Она звонит Джей-Элу, но тот полдня не берет трубку. Ей бы не помешал разговор с кем-то, не вовлеченным во всю эту бессмысленную череду катастроф.
«Мама – ведьма, – думает Клеменс, опуская глаза на стопку вырванных из блокнота листов с корявыми фразами. – Мама похожа на Нессу, ту самую, которая прокляла Теодора сколько-то веков назад. А я – Клементина. Поэтому он так трясется надо мной, чертов пьяница».
Последнее злит Клеменс больше всего, но она старательно делает вид, что связь с девушкой, которую, по словам Теодора, «постигла печальная участь», ее не беспокоит.
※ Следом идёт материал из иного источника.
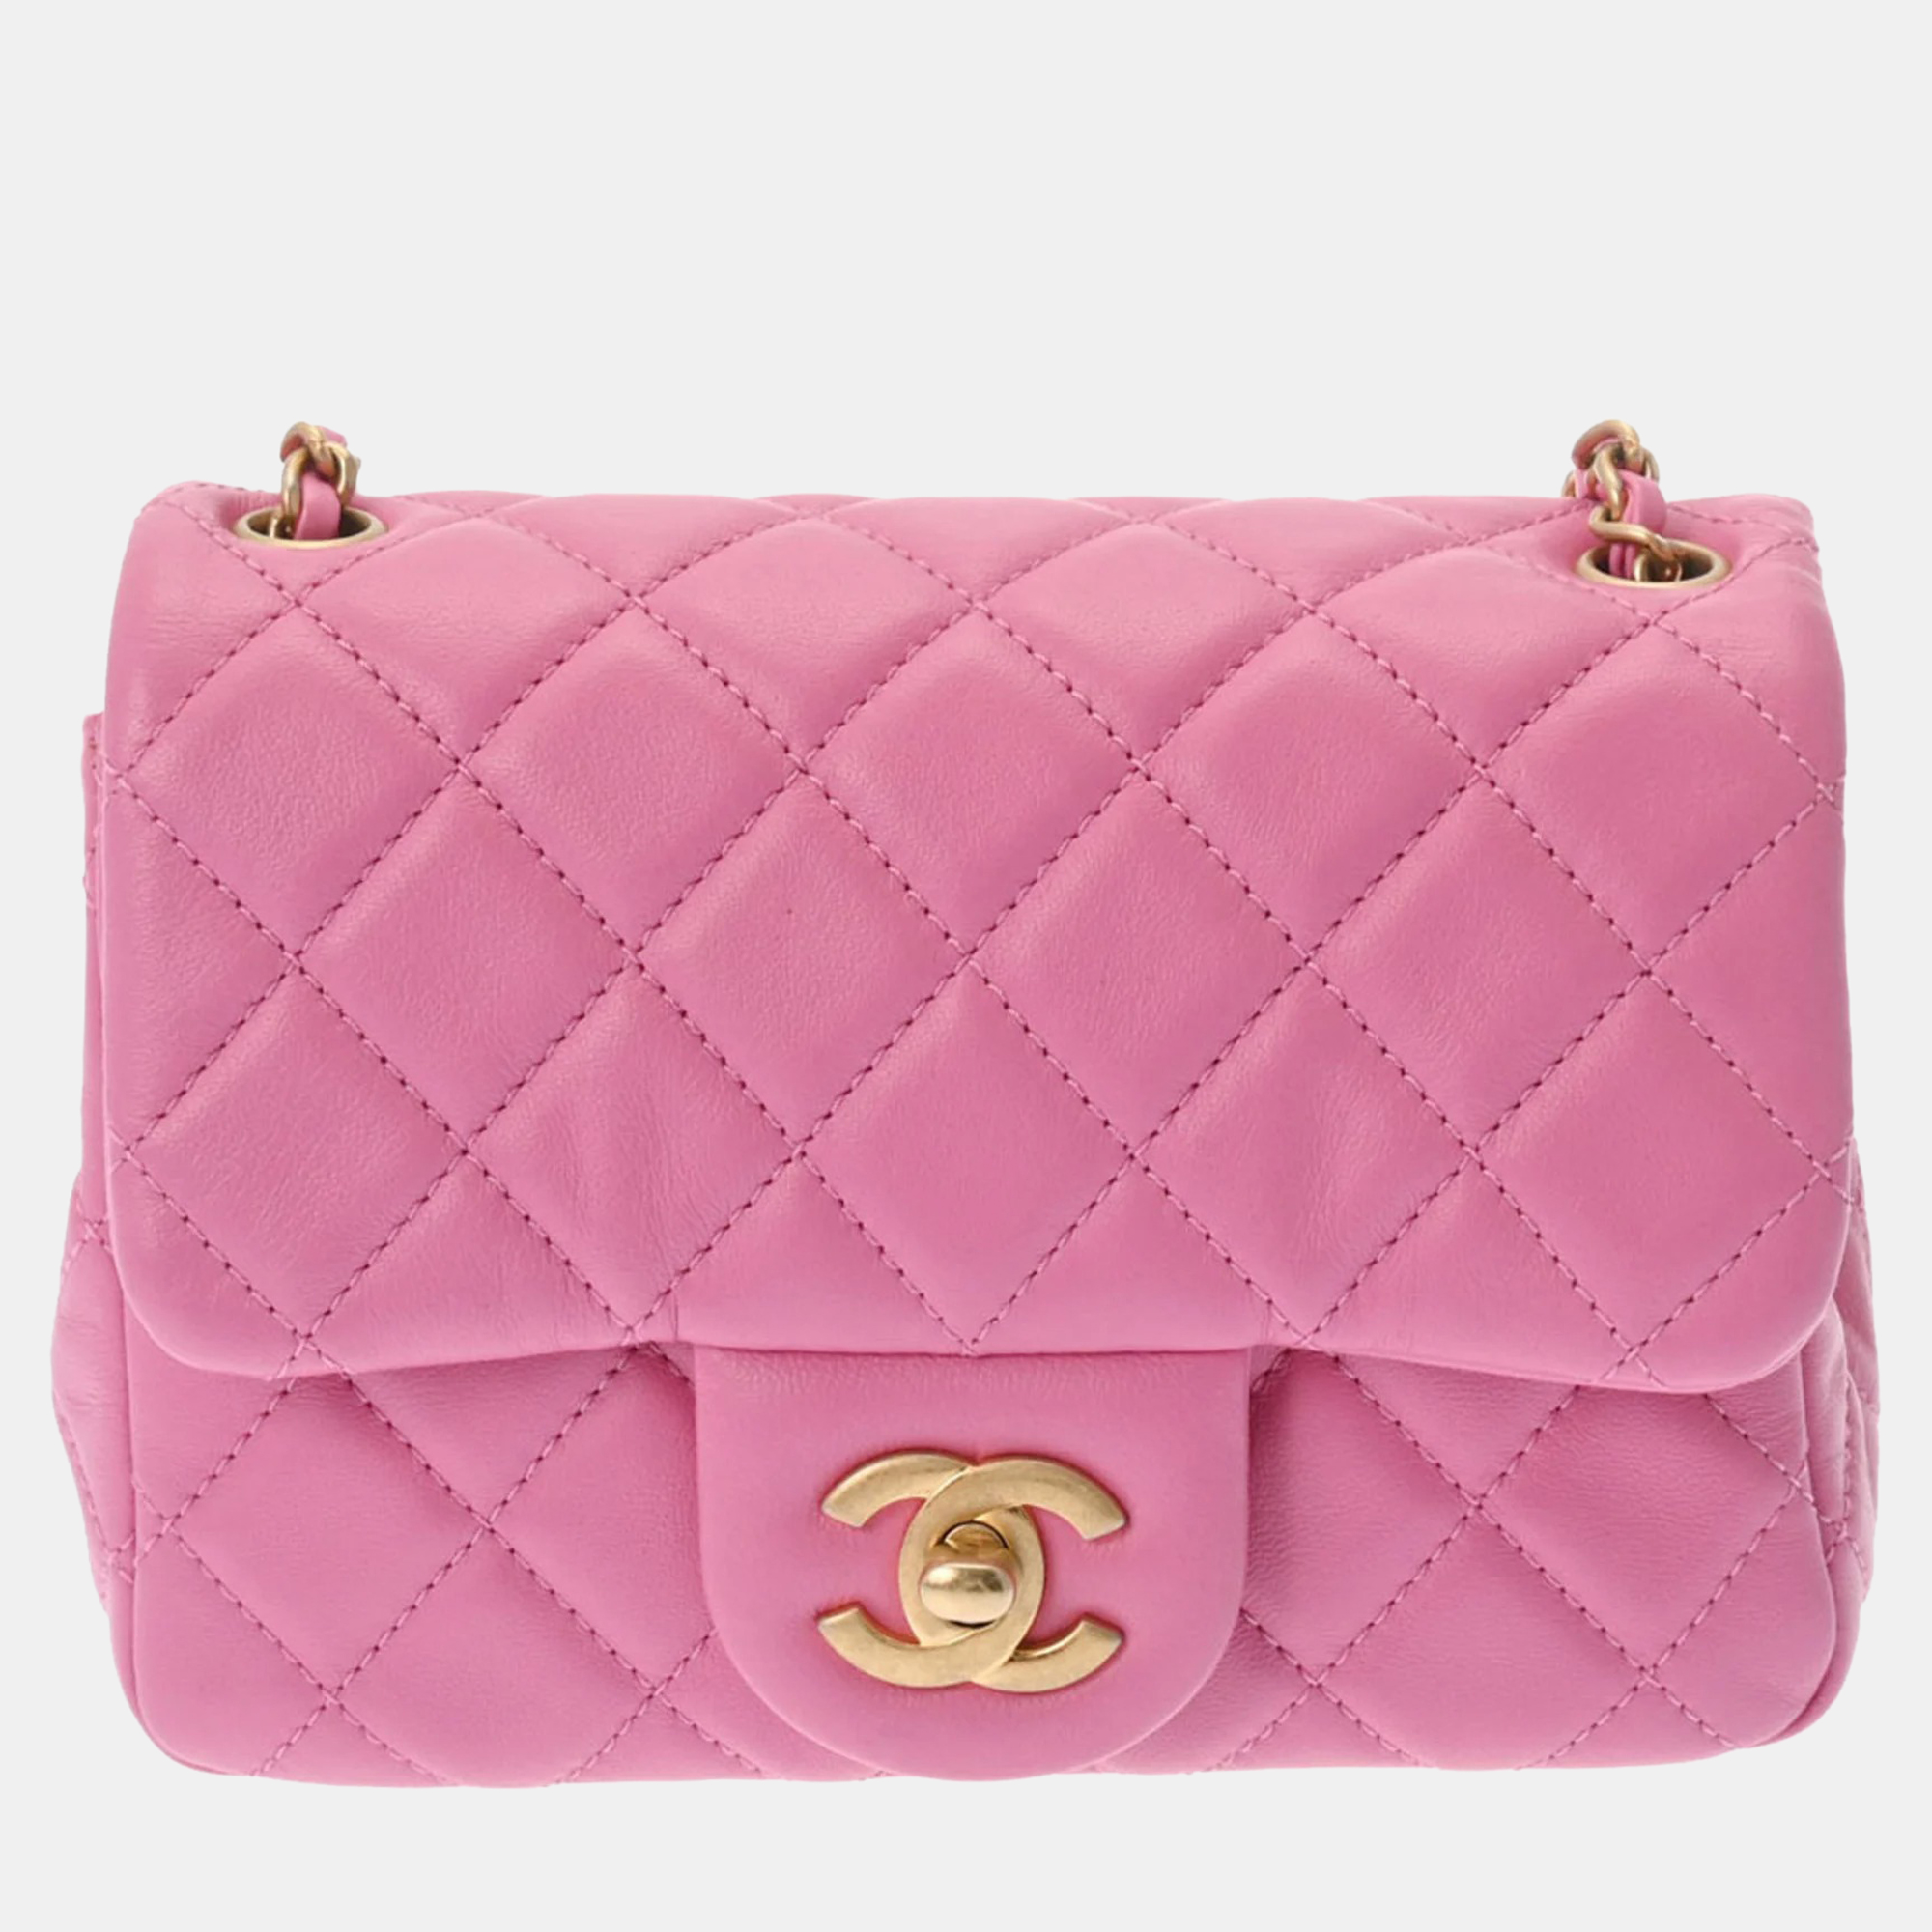 Chanel pink lambskin leather mini pearl crush flap bag

Мало ли на кого она похожа. Та Клементина тоже была дочерью ведьмы – и, следовательно, ведьмой являлась сама. Ну и что?
Совпадений в ее жизни стало слишком много, чтобы на каждое она обращала внимание. Клеменс – Клементина? Плевать.
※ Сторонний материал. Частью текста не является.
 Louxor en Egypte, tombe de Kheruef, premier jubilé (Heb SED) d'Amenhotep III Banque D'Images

Она перебирает мятые блокнотные листы: «Задавать вопросы, чтобы получить ответы. Контролировать то, что говоришь. Следить за словами».
«Слова» повторяется на нескольких листках, выделяется из общей массы беспорядочных записей, прыгает перед глазами. «Слова отражают мысли, и с ними нельзя играть».
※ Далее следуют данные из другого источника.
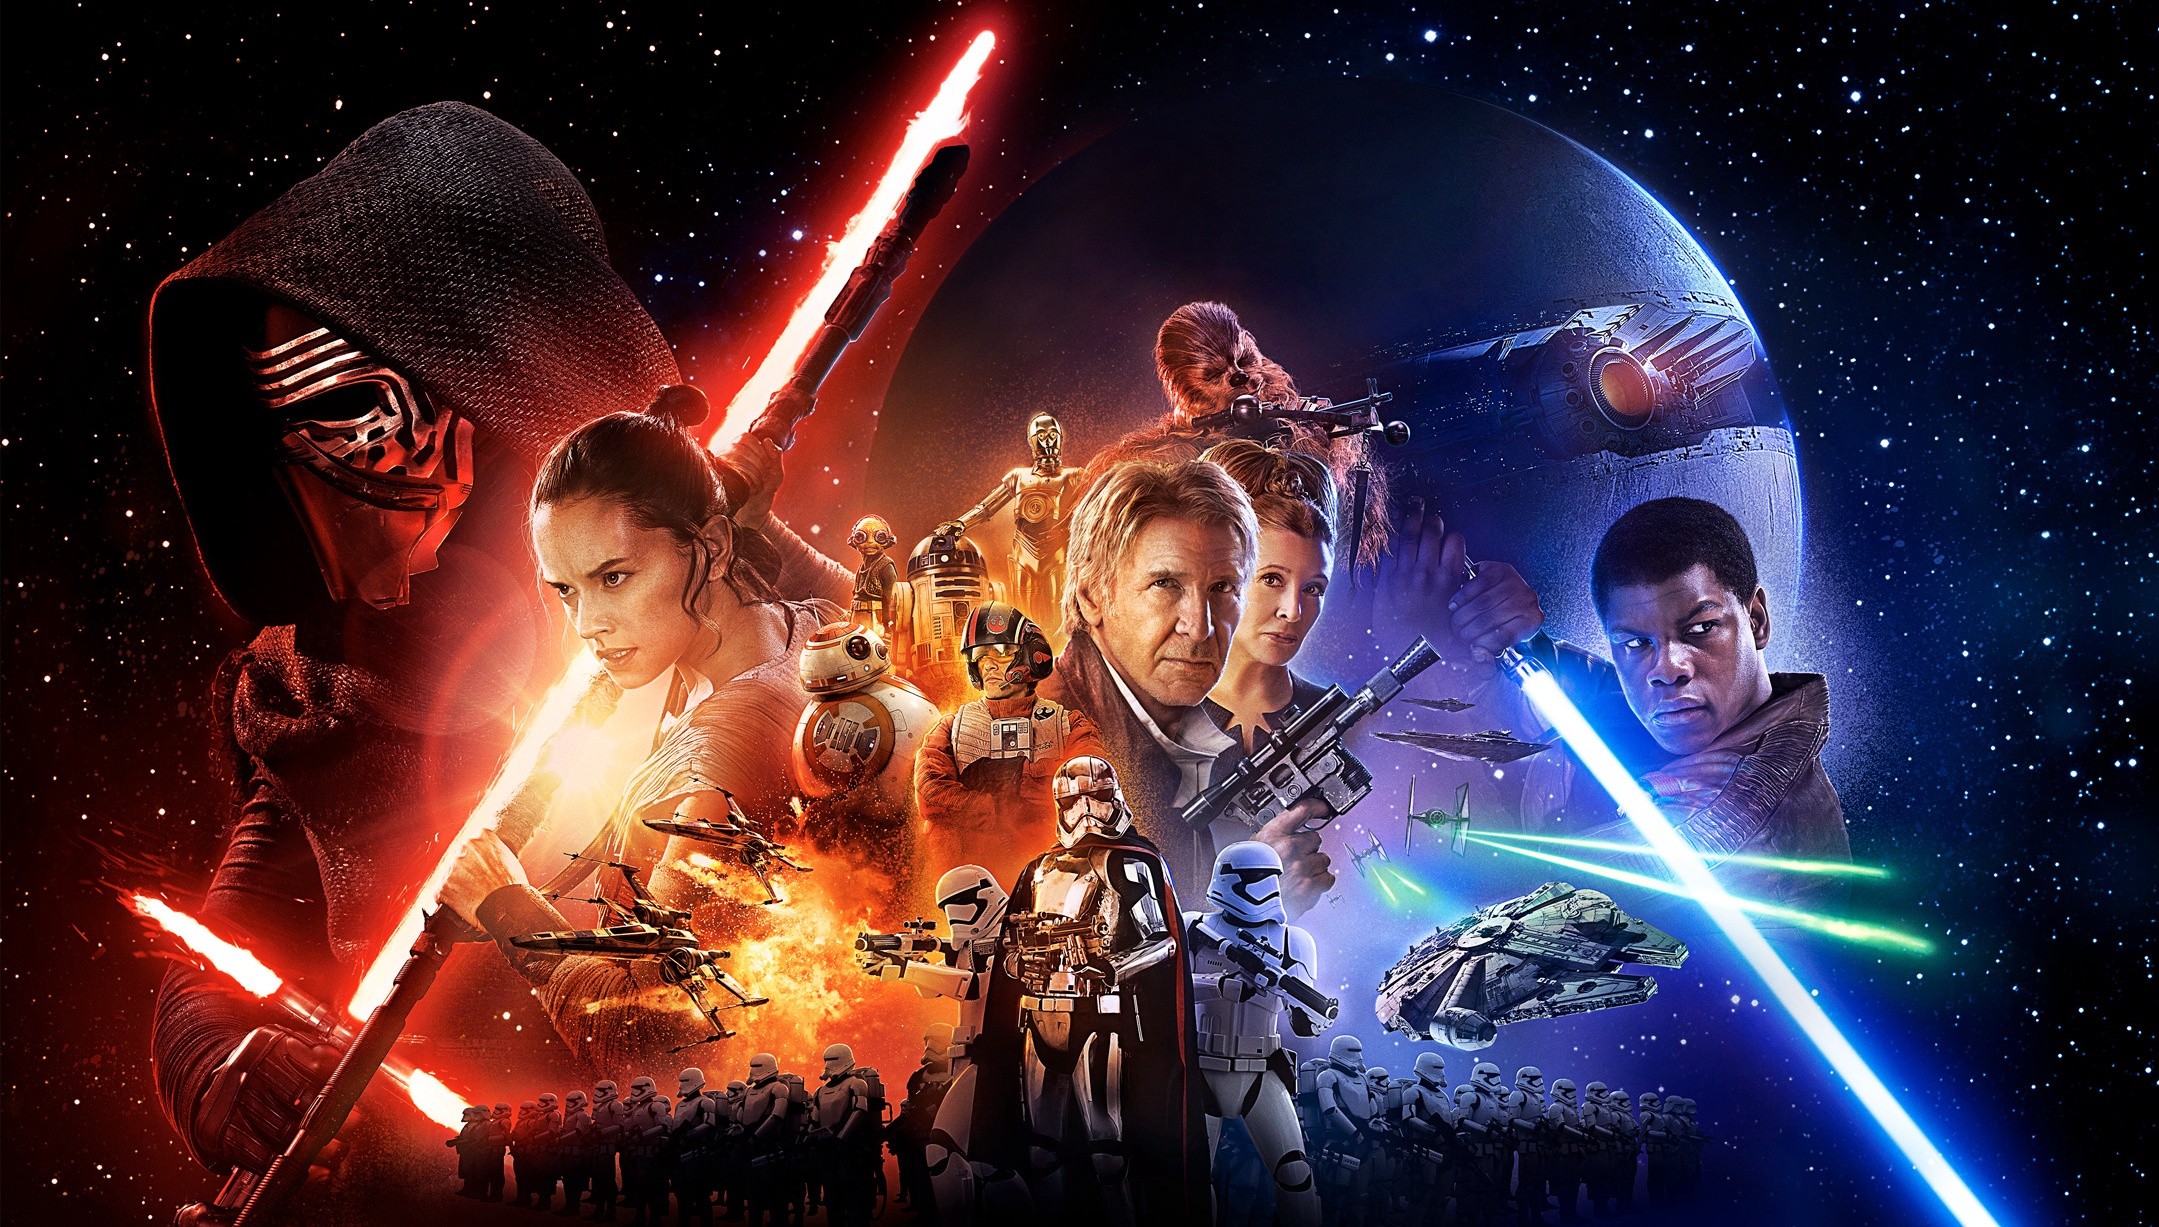 Star Wars Star Wars The Force Awakens Kylo Ren Han Solo BB 8 Chewbacca Captain Phasma R2 D2 C 3PO Lu 2159x1227

– Ничего бы не случилось, если бы девочка не указала на ведьму! – восклицает юноша из компании студентов, и Клеменс вздрагивает и оборачивается так резко, что скидывает со стола копию «Молота ведьм»[22] – трактат в толстой кожаной обложке с глухим стуком падает на пол, привлекая внимание. Девушка, чертыхнувшись, тянется за ним, пока молодые люди у окна продолжают свой спор:
– Всему виной социальное давление, – утверждает светловолосый студент в очках. – Первая обвиняемая, если помните, была индианкой, а у пуритан с ними вообще отношения не складывались.
– Где это ты слышал, что она была индианкой? Титуба была африканкой!
– Что еще хуже!
– Ох, вы не о том спорите, – прерывает юношей рыжеволосая девушка с россыпью веснушек на скулах. Клеменс замечает блеск ее огненной косы в свете солнца, преломляющемся в кривом оконном стекле, и хмыкает. Девушка, заправив вьющуюся прядку волос за ухо, прочищает горло. – Мы все понимаем, что обвинения были беспочвенны, но вы же знаете, что в те времена можно было кого угодно назвать ведьмой и подвергнуть допросу ни за что. Титуба была рабыней без прав, Сара Осборн нищенствовала, а Сара Гуд вообще спорила с пуританами и церковью. Вряд ли хоть одна из тех женщин действительно была ведьмой.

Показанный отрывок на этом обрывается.